» Data:
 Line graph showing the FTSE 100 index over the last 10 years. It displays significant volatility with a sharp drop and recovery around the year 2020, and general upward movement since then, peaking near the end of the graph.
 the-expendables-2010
--
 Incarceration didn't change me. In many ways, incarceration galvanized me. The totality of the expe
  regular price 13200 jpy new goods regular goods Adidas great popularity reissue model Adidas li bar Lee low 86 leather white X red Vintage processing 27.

» Exercise brief:
Starting with the line that holds "Line graph showing" and ending with the line that holds "the-expendables-2010", retype every line in the data above exactly, and nothing else.

» Result for this task:
 Line graph showing the FTSE 100 index over the last 10 years. It displays significant volatility with a sharp drop and recovery around the year 2020, and general upward movement since then, peaking near the end of the graph.
 the-expendables-2010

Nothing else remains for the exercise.